• _Input data_:
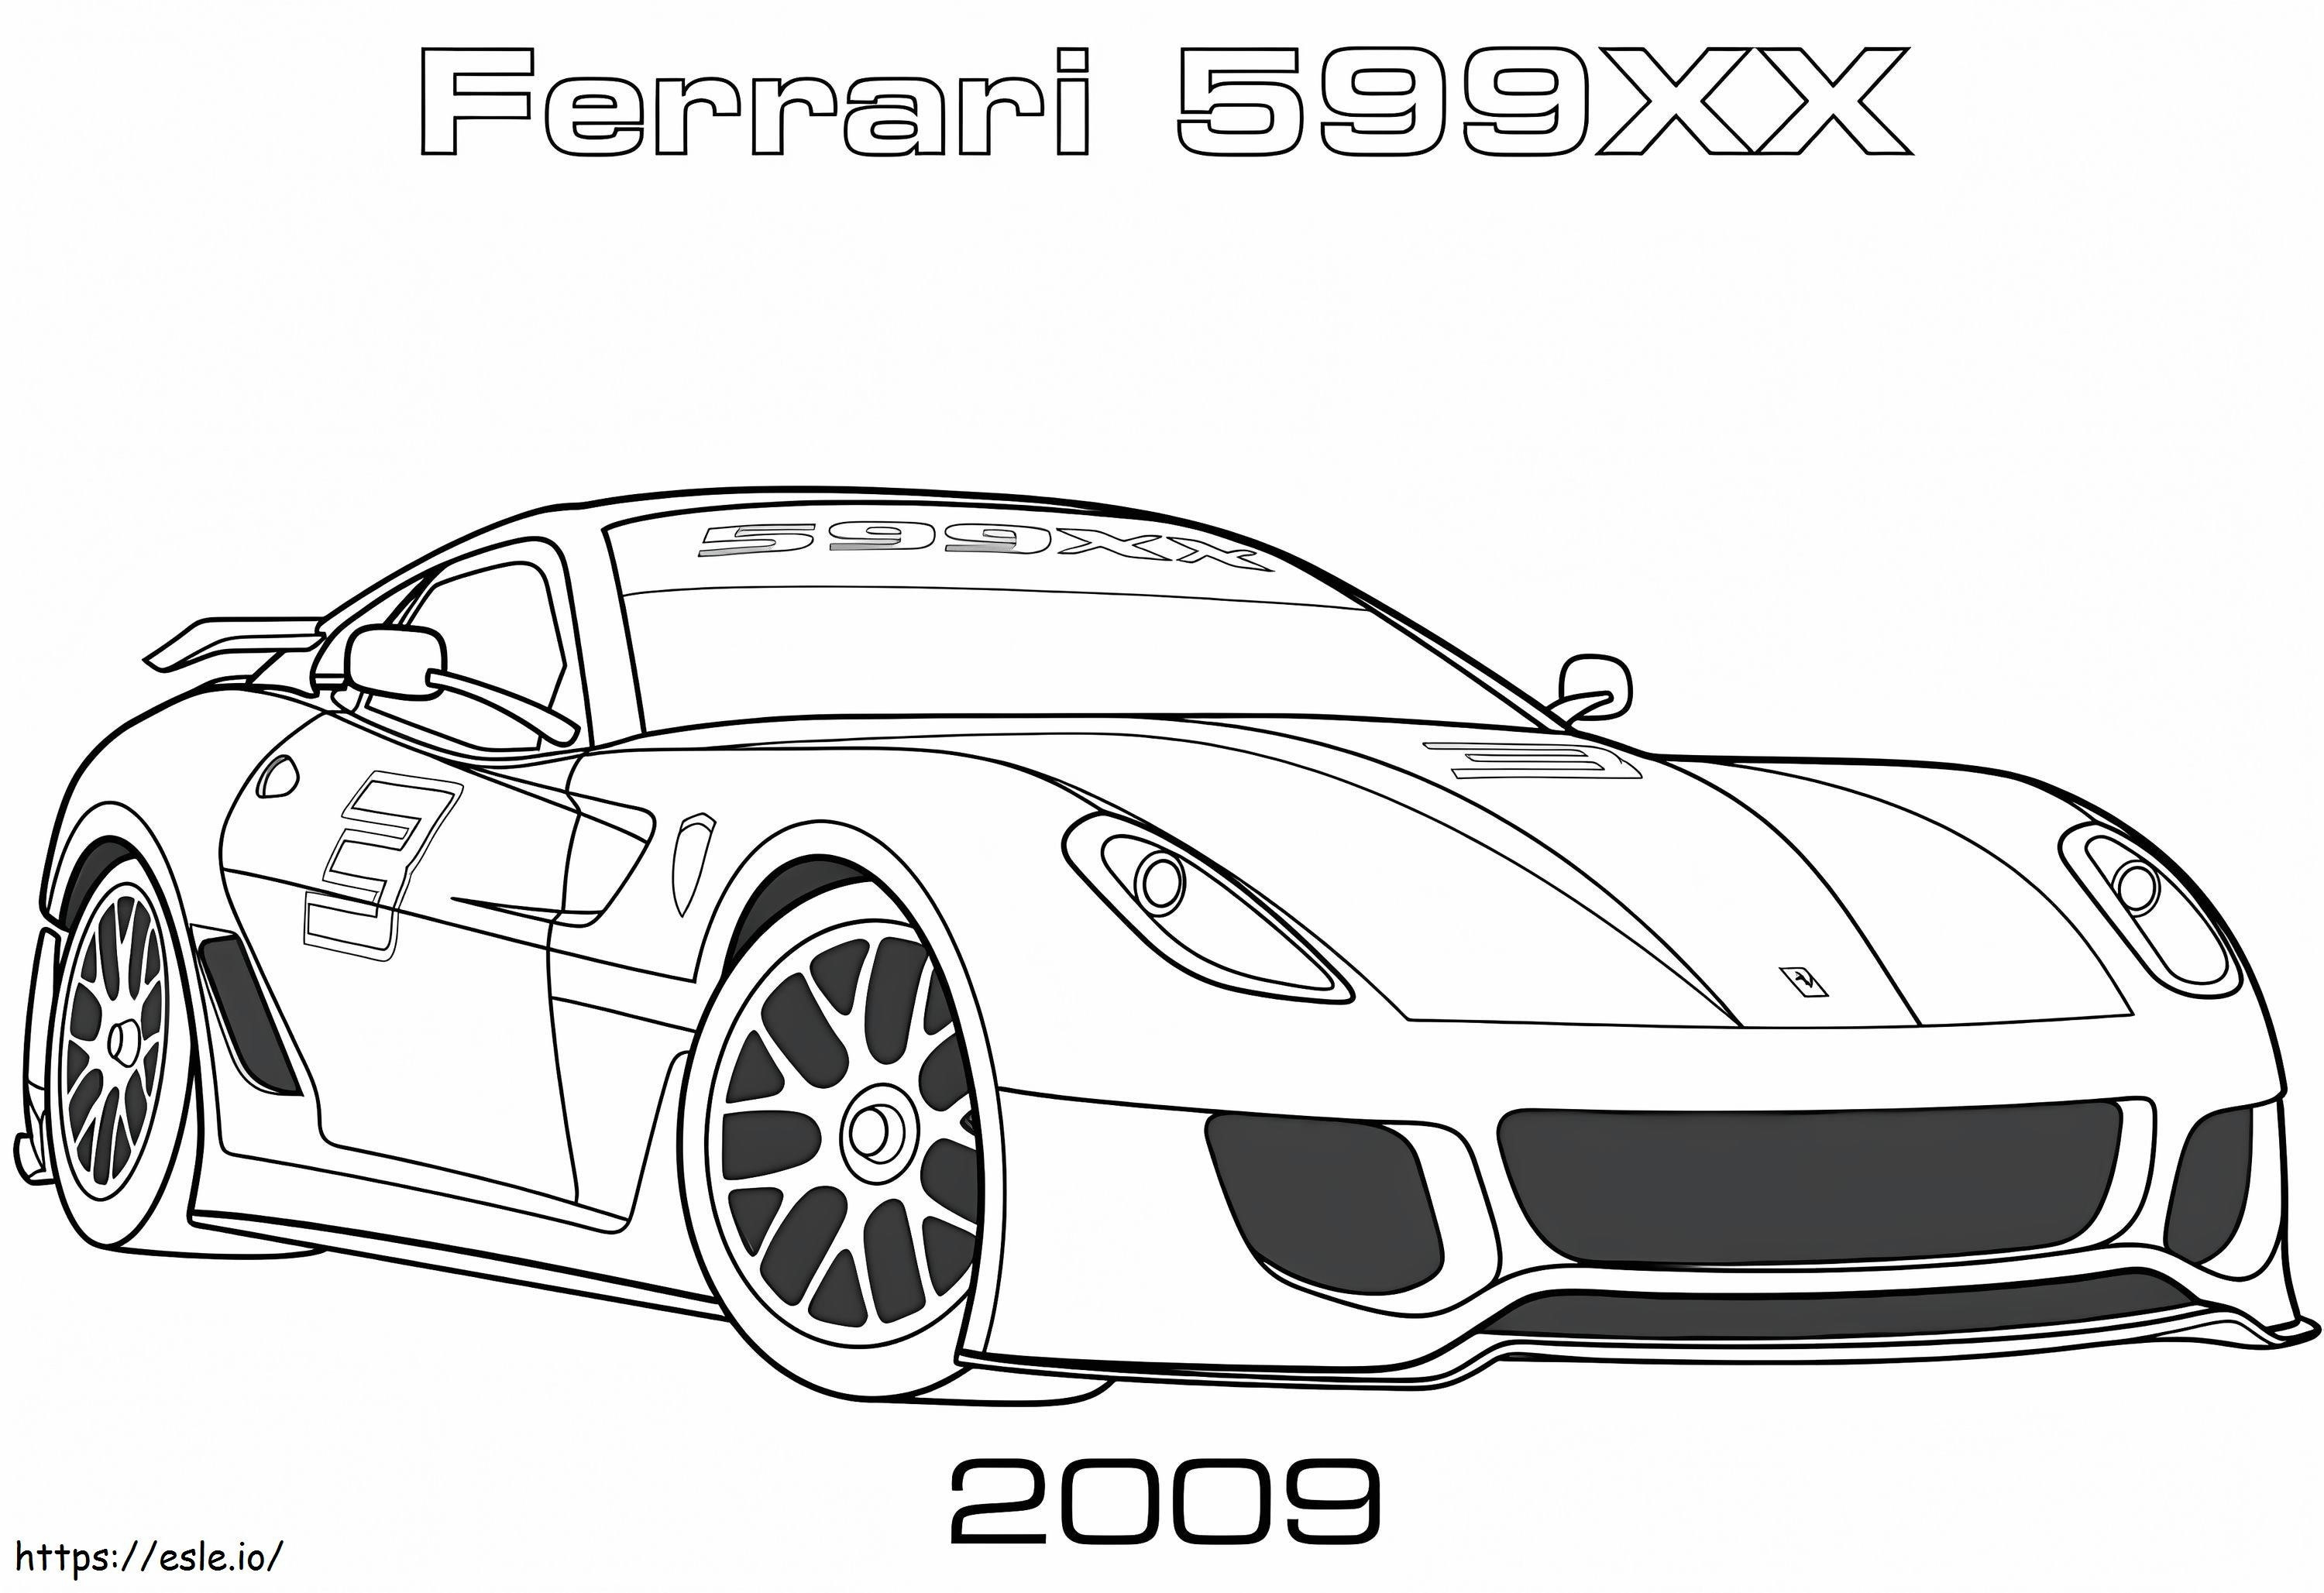  Ferrari 599XX 1024X702 kleurplaat kleurplaat
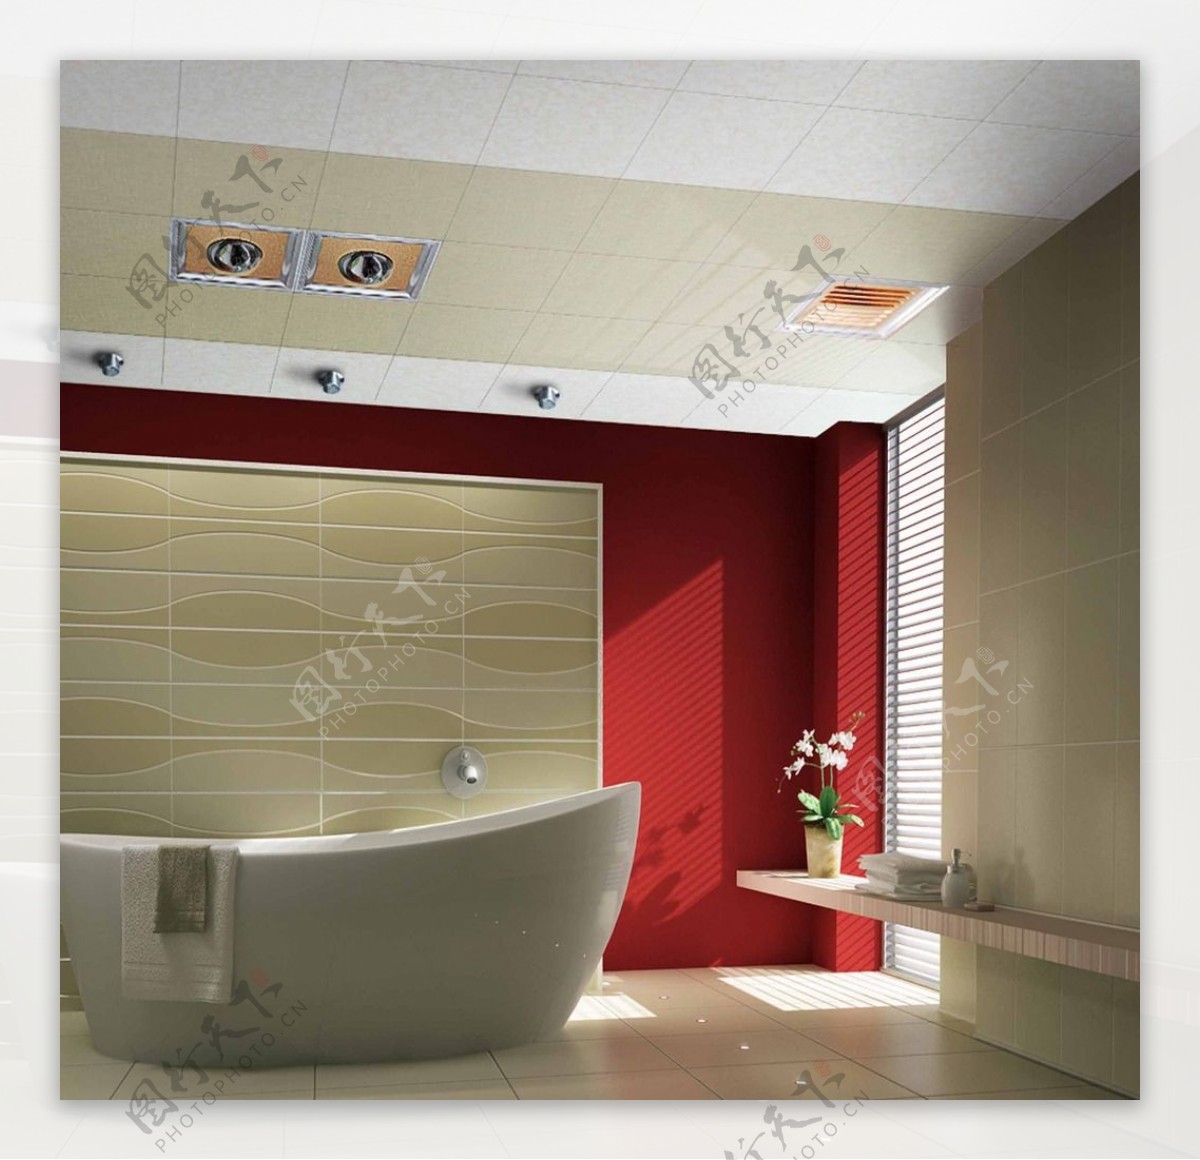 浴室吊顶效果图图片
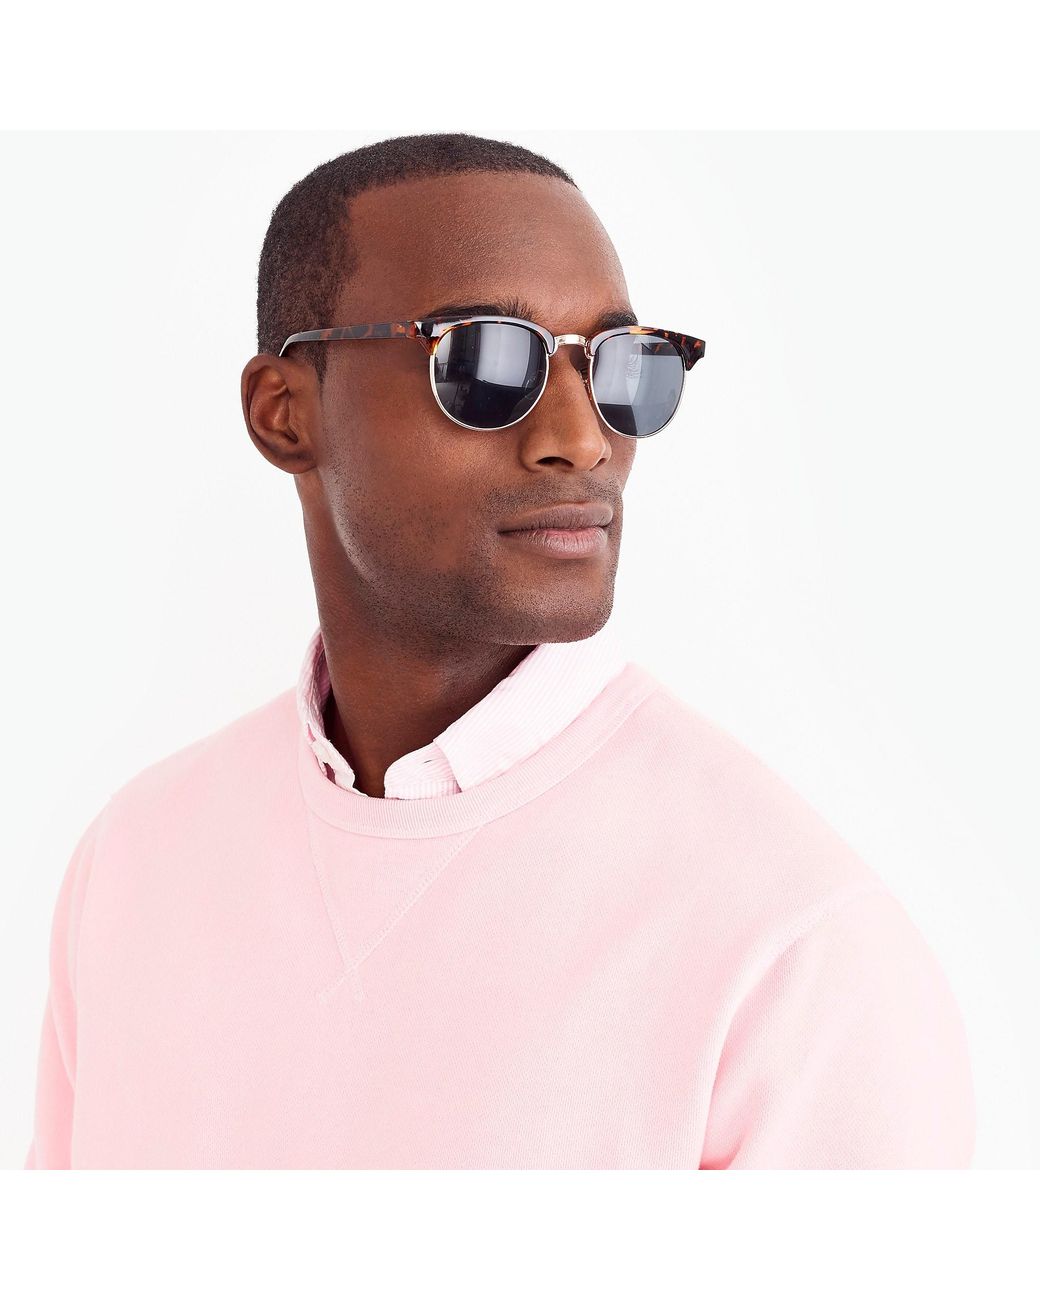 J.Crew Men's Sunglasses | ShopStyle

• _Exercise requirements_: Output the data above exactly; pictures do not belong in the copy.

• _Answer box_:
  Ferrari 599XX 1024X702 kleurplaat kleurplaat
 浴室吊顶效果图图片
 J.Crew Men's Sunglasses | ShopStyle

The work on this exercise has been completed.